Back to … the Marshall McLuhan Future

Glynn Marshes writes:

A couple days ago, University of Tennessee law professor Glenn Reynolds, a.k.a. the blogger Instapundit, penned a column for USA Today titled “Politicians benefit from American tribal warfare.”

Tribalism, Reynolds writes, “is the default state of humanity.” We tend to “defend our own tribe even when we think it’s wrong, and to attack other tribes even when they’re right, just because they’re other.”

It’s natural, sure, but also dangerous — particularly when we abandon the impulse to suppress it. Whereas a “healthy society would stigmatize, marginalize and shun the tribalizers,”

Societies that give in to the temptations of tribalism … wind up spending a lot of their energy on internal strife, and are prone to disintegrate into spectacular factionalism and infighting, often to the point of self-destruction.

Reynolds’ column is part of a wider online conversation.

The American Interest riffs on Reynolds’ thoughts with a slightly stronger emphasis on the post-Ferguson “police wars.”

That piece, in turn, links to a Walter Russell Mead essay on that same site, Next Up in America: The Liberal Retreat,” which explores the fallout from the last election. Leftists, Mead writes, are tumbling to the fact that their most cherished ideas haven’t caught on after all.

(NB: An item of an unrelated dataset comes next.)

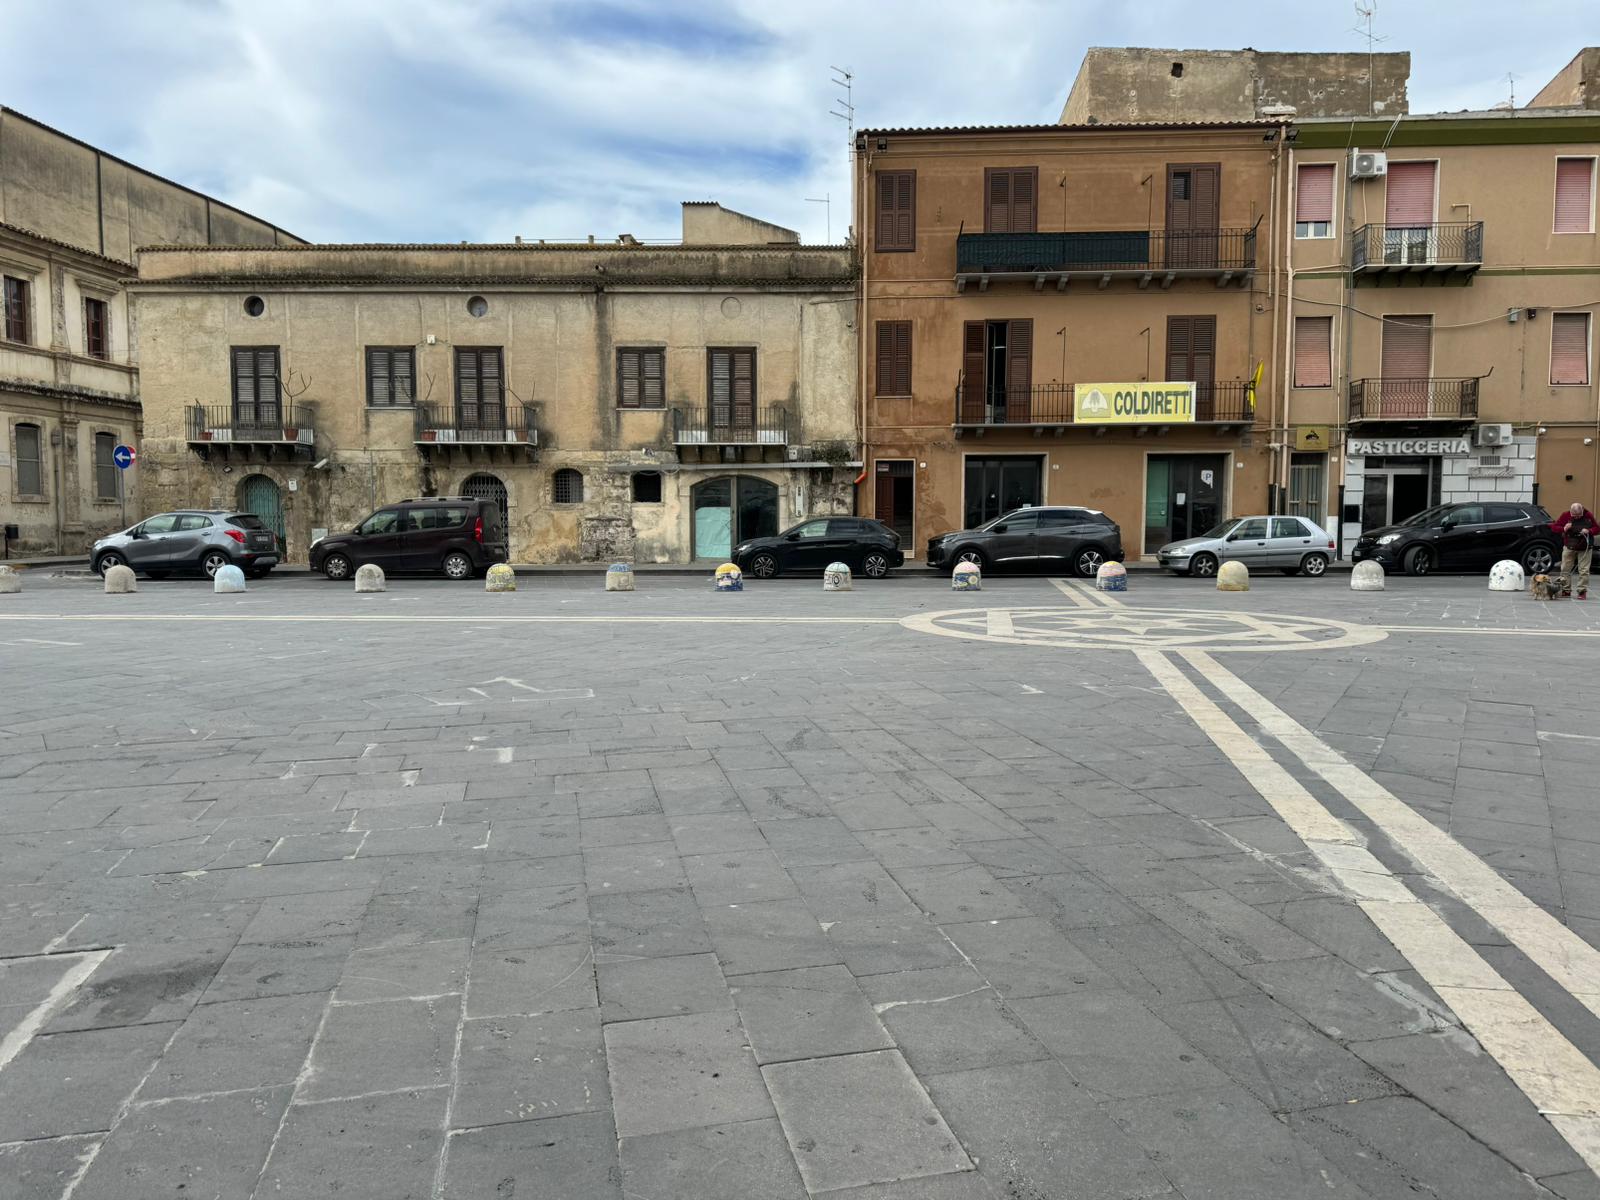 Piazza Sant'Angelo

On the contrary, whether it’s gun rights, voter ID, presumption of accused rapists’ innocence, or torture of enemy combatants,

from a left Democratic point of view, the country is overrun with zombies and vampires: policy ideas that Democrats thought had been killed but still restlessly roam the earth.

Reynolds’ greater point (which I agree with) is that politicians benefit by fomenting divisiveness. It becomes a Satanic pact: politicians play on humanity’s darkest psychological tendencies because doing so enables them to accrue attention — which today more than ever equals power. Their actions are deeply destructive, but ya know, you can’t fix the devil his omelet without breaking a few souls …

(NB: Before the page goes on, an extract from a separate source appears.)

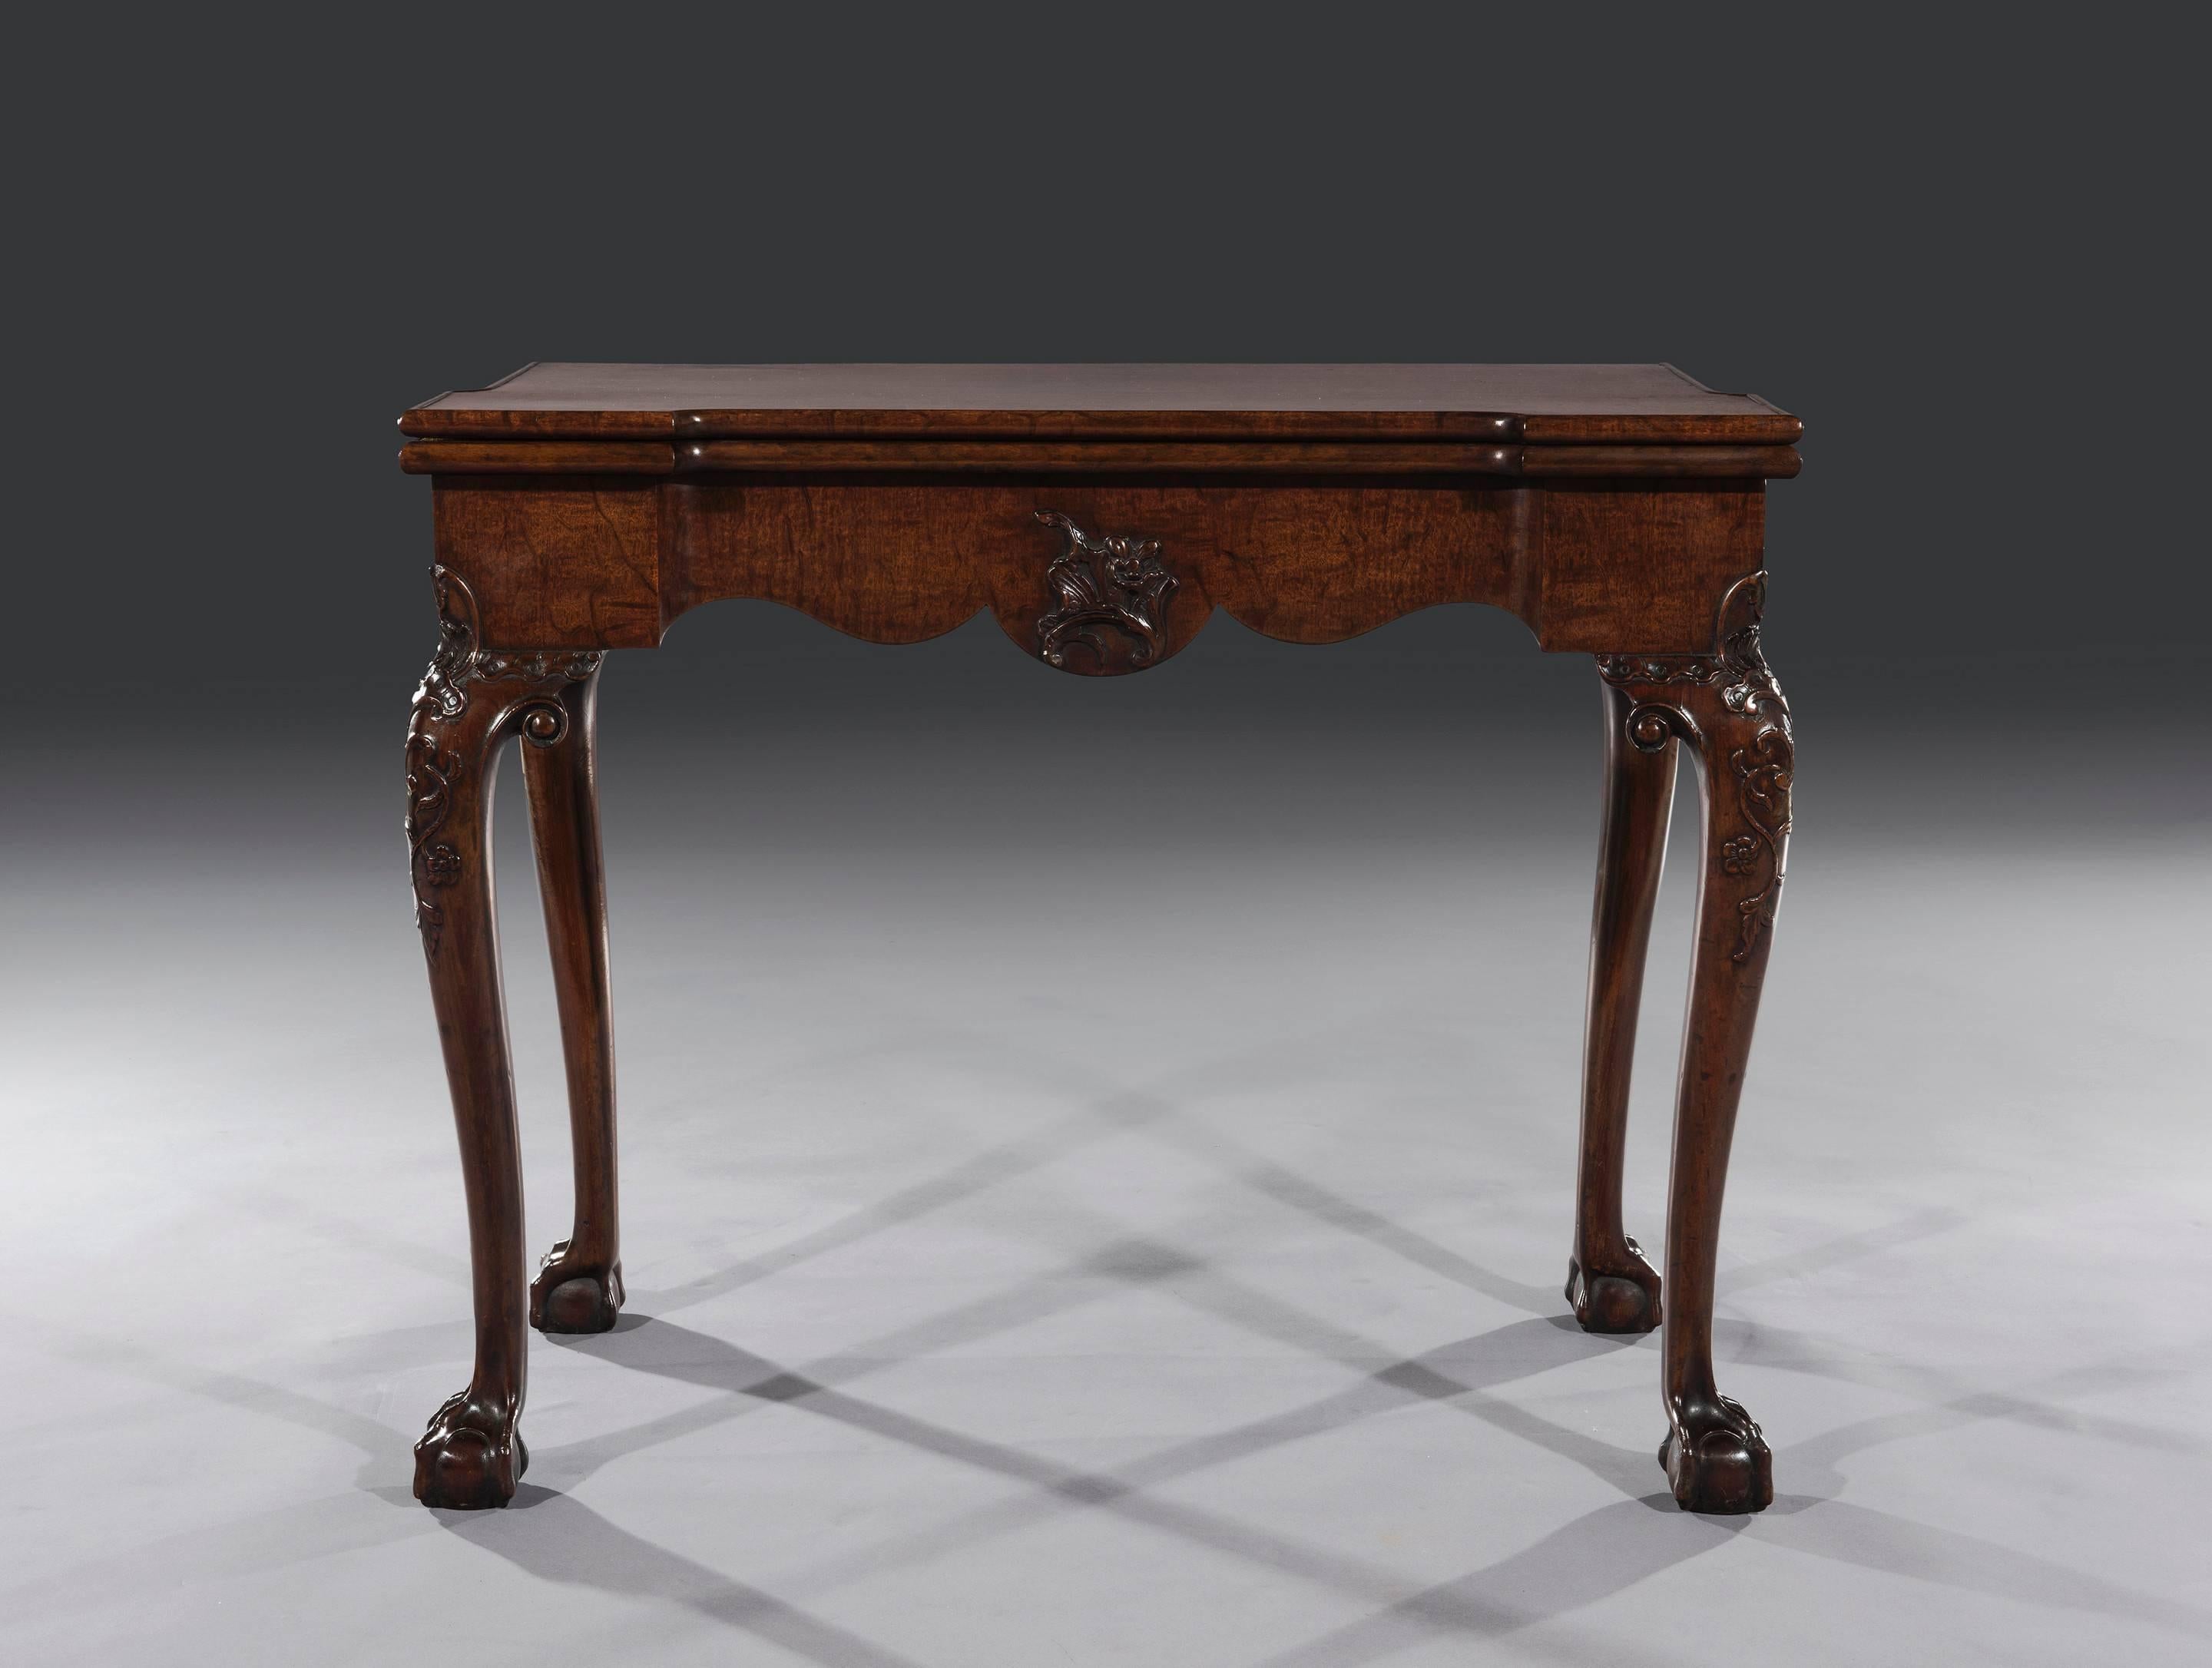 English Irish George III Carved Chippendale Period Mahogany and Amarillo Games Table

Left unmentioned is the role of technology in all this.

I confess I’m divided, no pun intended. Online “conversations” about politics or cultural issues definitely have a tendency to turn ugly, fast. But is that really worse than, say, the 1790s, when Loyalists were run out of the States and their assets seized by rapacious Whigs? Or the 17th Century European witch trials? Or … pick your fave example of mob-led bloodshed?

Flame wars sure beat sticks and stones.

On the other hand, there’s Marshall McLuhan, the “Canadian philosopher of communication theory and a public intellectual” who died in 1980.

In this excellent online essay on a University of Texas website, “Tribalization of the Global Village: Marshall McLuhan, Orientalism, and Technocultural Panic,” an anonymous writer examines the framework McLuhan proposed for understanding the effect of media technology on society.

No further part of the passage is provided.